About Me

Ithaca, New York
MWF, now officially 42, loves long walks on the beach and laughing with friends ... oh, wait. By day, I'm a mid-level university administrator reluctant to be more specific on a public forum. Nights and weekends, though, I'm a homebody with strong nerdist leanings. I'm never happier than when I'm chatting around the fire, playing board games, cooking up some pasta, and/or road-tripping with my family and friends. I studied psychology and then labor economics in school, and I work in higher education. From time to time I get smug, obsessive, or just plain boring about some combination of these topics, especially when inequality, parenting, or consumer culture are involved. You have been warned.

Tuesday, August 23, 2011

#59: The Pact

The Pact: A Love Story, by Jodi Picoult (New York: HarperCollins, 1998)

Summary:
"From Jodi Picoult, one of the most powerful writers in contemporary fiction, comes a riveting, timely, heartbreaking, and terrifying novel of families in anguish -- and friendships ripped apart by inconceivable violence. Until the phone calls came at 3:00 A.M. on a November morning, the Golds and their neighbors, the Hartes, had been inseparable. It was no surprise to anyone when their teenage children, Chris and Emily, began showing signs that their relationship was moving beyond that of lifelong friends. But now seventeen-year-old Emily has been shot to death by her beloved and devoted Chris as part of an apparent suicide pact -- leaving two devastated families stranded in the dark and dense predawn, desperate for answers about an unthinkable act and the children they never really knew."


Opening Line:
"There was nothing left to say."

My Take:
Powerful? Heartbreaking? Devastating? More than a little hyperbolic, but I knew what I was getting into. I bought the book in a "buy 2, get 1 free" sale at one of the local book chains (back when we had more than one) a while back, and kept it in the bull pen till I needed it.

That time came a few weeks ago, before our long vacation -- I won't go into the gory details but it was a rough week emotionally, and I just plain needed some reasonably-absorbing escapist fiction. (Plus, maybe it's just me, but when I'm feeling like my own life's a mess, some melodramatic fiction is often just what the doctor ordered -- even at my worst, I can look at plot lines like this and reassure myself that at least I don't have it that bad.)

So The Pact fit the bill.

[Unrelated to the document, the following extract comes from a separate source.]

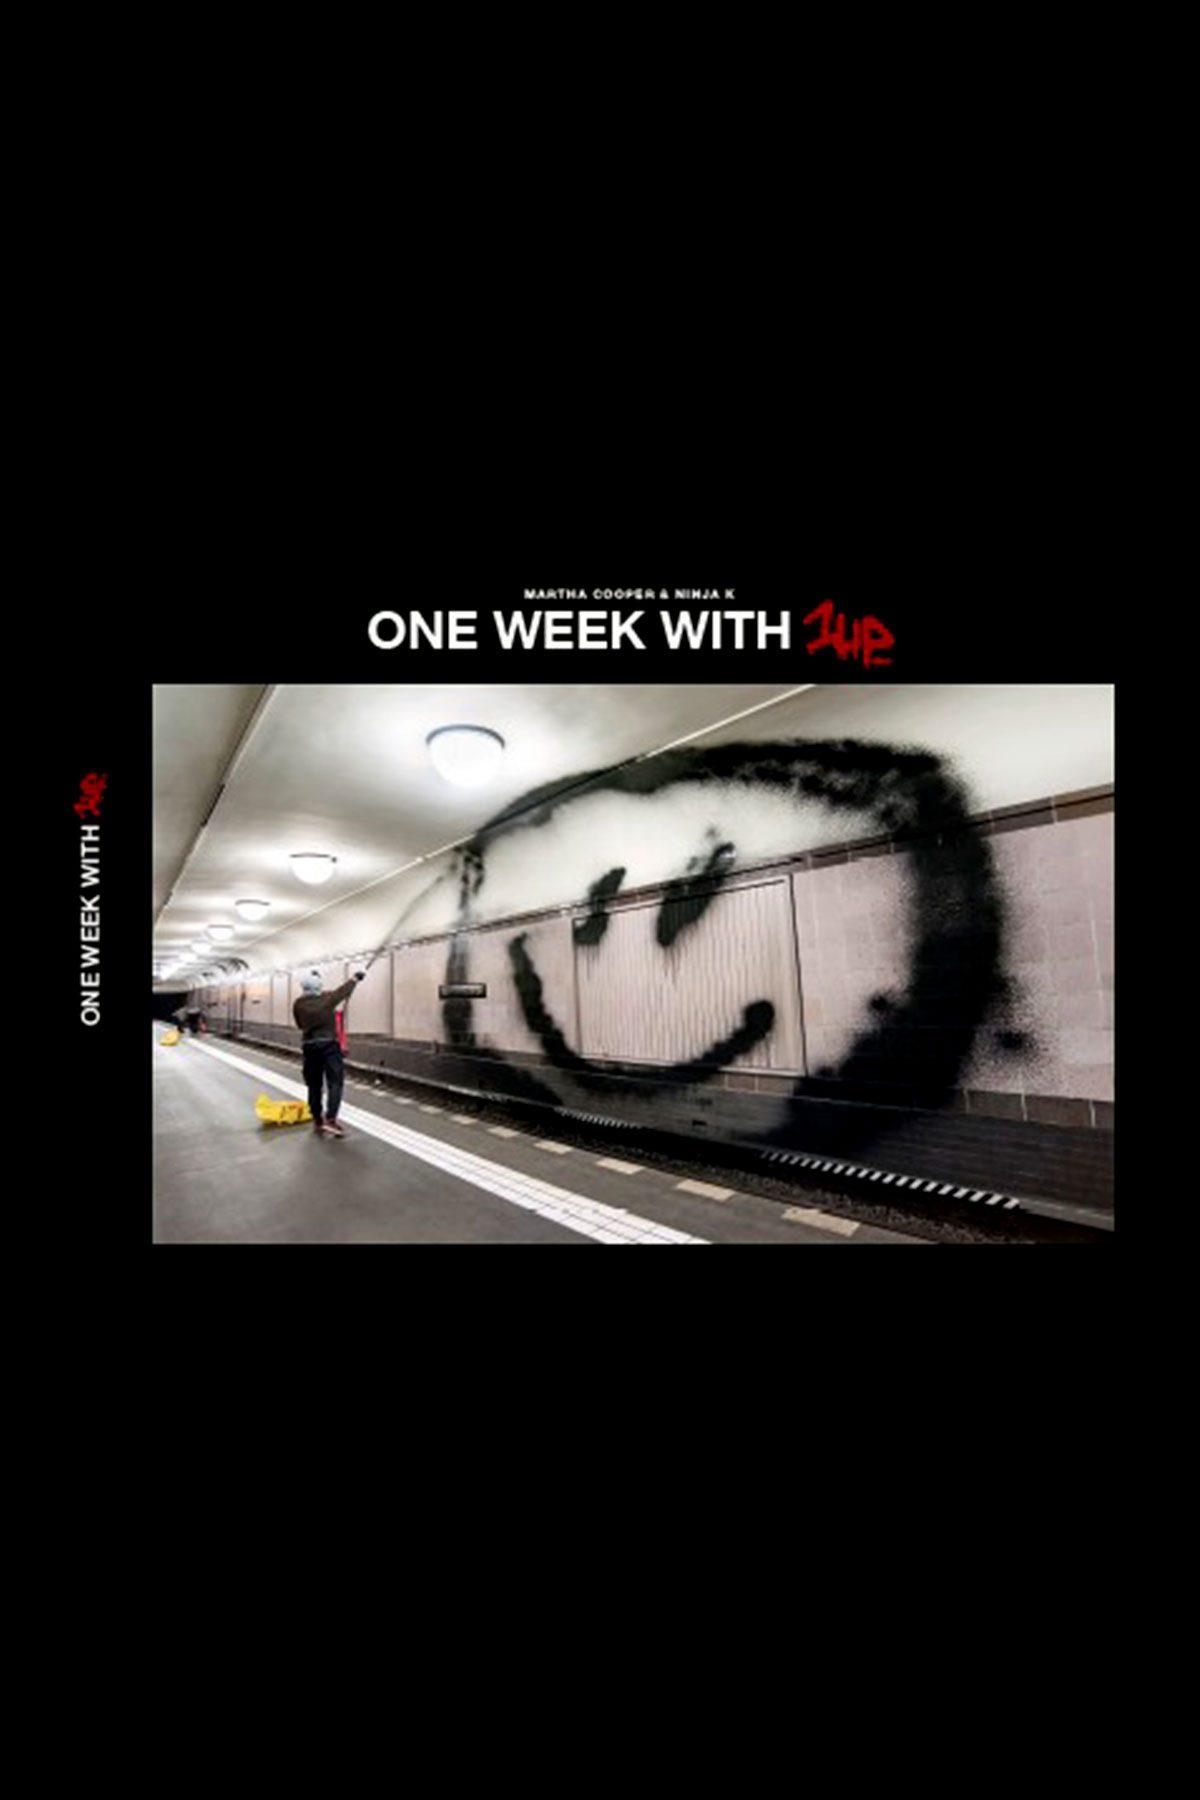 ONE WEEK WITH 1UP di Martha Cooper & Ninja K.

It's obviously one of Picoult's earlier books, which is a mixed bag. On the minus side, it lacks some of the gentle ethical-dilemma-probing I've come to expect from House Rules, Handle With Care, and Vanishing Acts. However, a strong plus in my book is that she hadn't yet stumbled on her now-predictable twist ending formula (which some article I read a while back called "just kill a kid and get it over with") -- which, frankly, gets a bit tiresome after the 3rd or 4th book.

Not high literature, definitely a WYSIWYG book -- whether you think you'll enjoy it or not, you're probably right. Speaking only for myself, I'm in the "enjoy it, but in pretty small doses" camp.